Aunque me da vergüenza admitirlo, con demasiada frecuencia dejo pasar semanas sin consultar a mi familia y amigos, y dejo que se lleven a cabo conversaciones completas con mi pareja sin que yo esté presente en absoluto. Lo que es más, me robó el «momento presente», por así decirlo, porque estaba demasiado preocupado preparándome para un futuro que aún no ha sucedido, y obstaculizó mi capacidad de experimentar alegría porque asumí que las cosas malas solo seguirían. traje.

Todo lo que quiere decir, me quedé con una mayor sensación de ansiedad por la incertidumbre y una enorme cantidad de soledad, que, seamos honestos, podría haberme provocado. Pensar en los peores resultados posibles tampoco me protegió de la decepción, y mucho menos me preparó para ella.
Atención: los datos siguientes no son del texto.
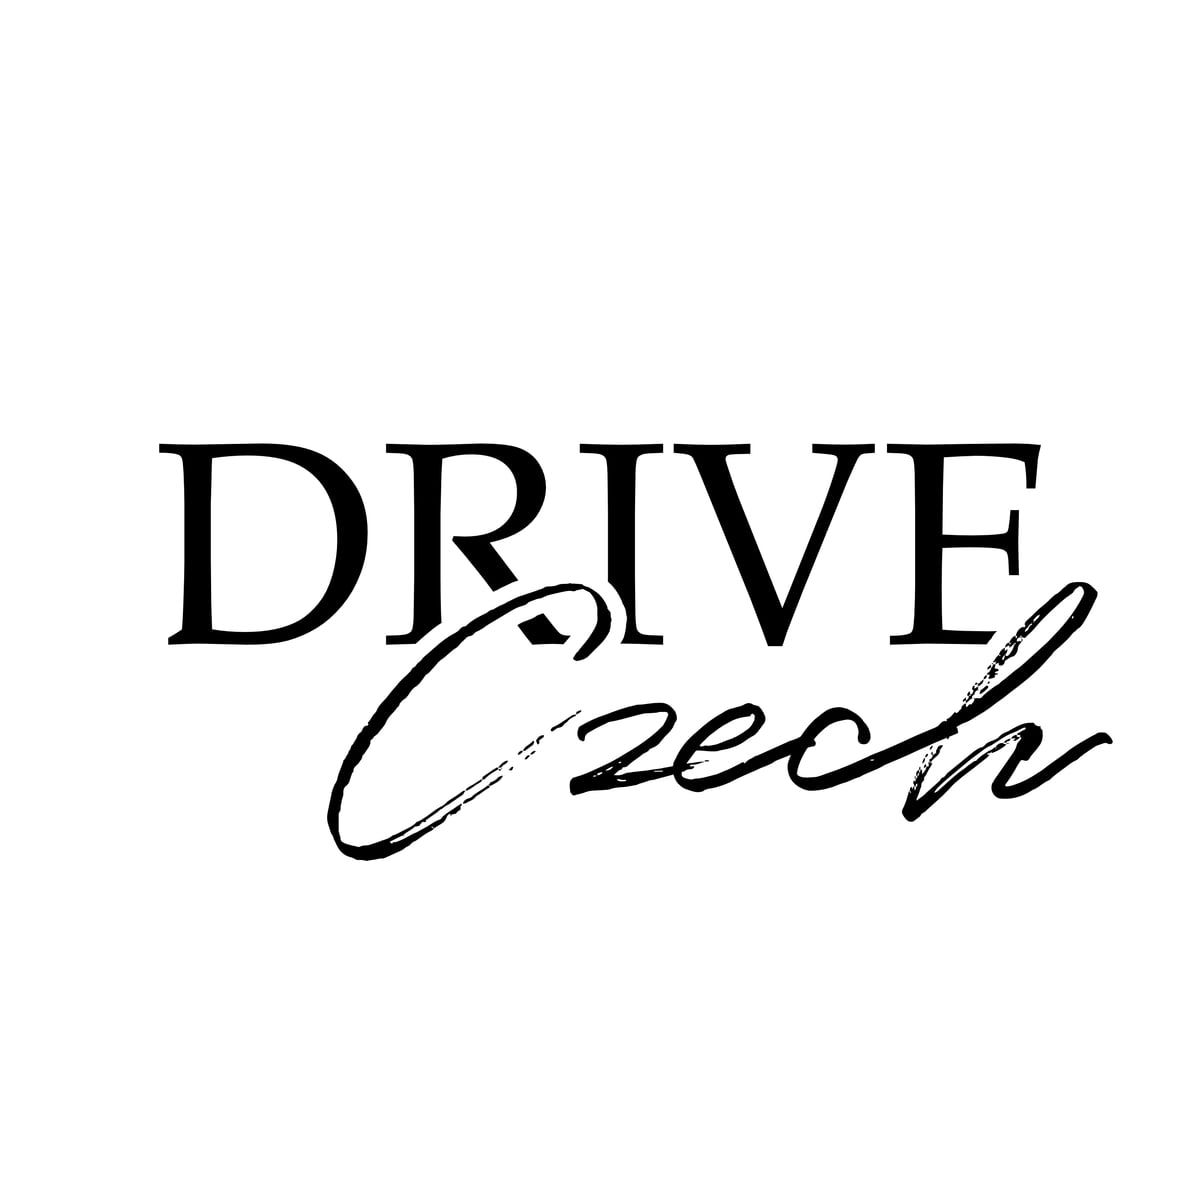 Driveczech logo

Y, después de un año de muchas luchas, la decepción estaba por decir lo mínimo.

De hecho, el catastrofismo incesante no puede lograr mucho, y por eso este año me aventuro a desafiar mis patrones de pensamiento negativos resolviendo dejar de esperar el peor resultado posible, lo que a su vez podría solucionar una aprensión de larga data. para la incertidumbre, pero, pasos de bebé. Como mínimo, espero dejar que las cosas se desarrollen sin sacar conclusiones precipitadas.

Hasta ahora, me las he arreglado para mantener esa promesa. Me enfrento a los «qué pasaría si» que deambulan por el frente de mi conciencia con escepticismo en lugar de tomarlos como predicciones completas. Y aunque muchos de estos pensamientos aún logran que se me encoja el estómago, los entremezclo con una anticipación positiva, como imaginar la próxima reunión con mi familia. Tal vez, con el tiempo, finalmente me dé cuenta de que el futuro también puede contener la posibilidad de la alegría y que, a veces, no siempre tiene que haber un problema para experimentarlo.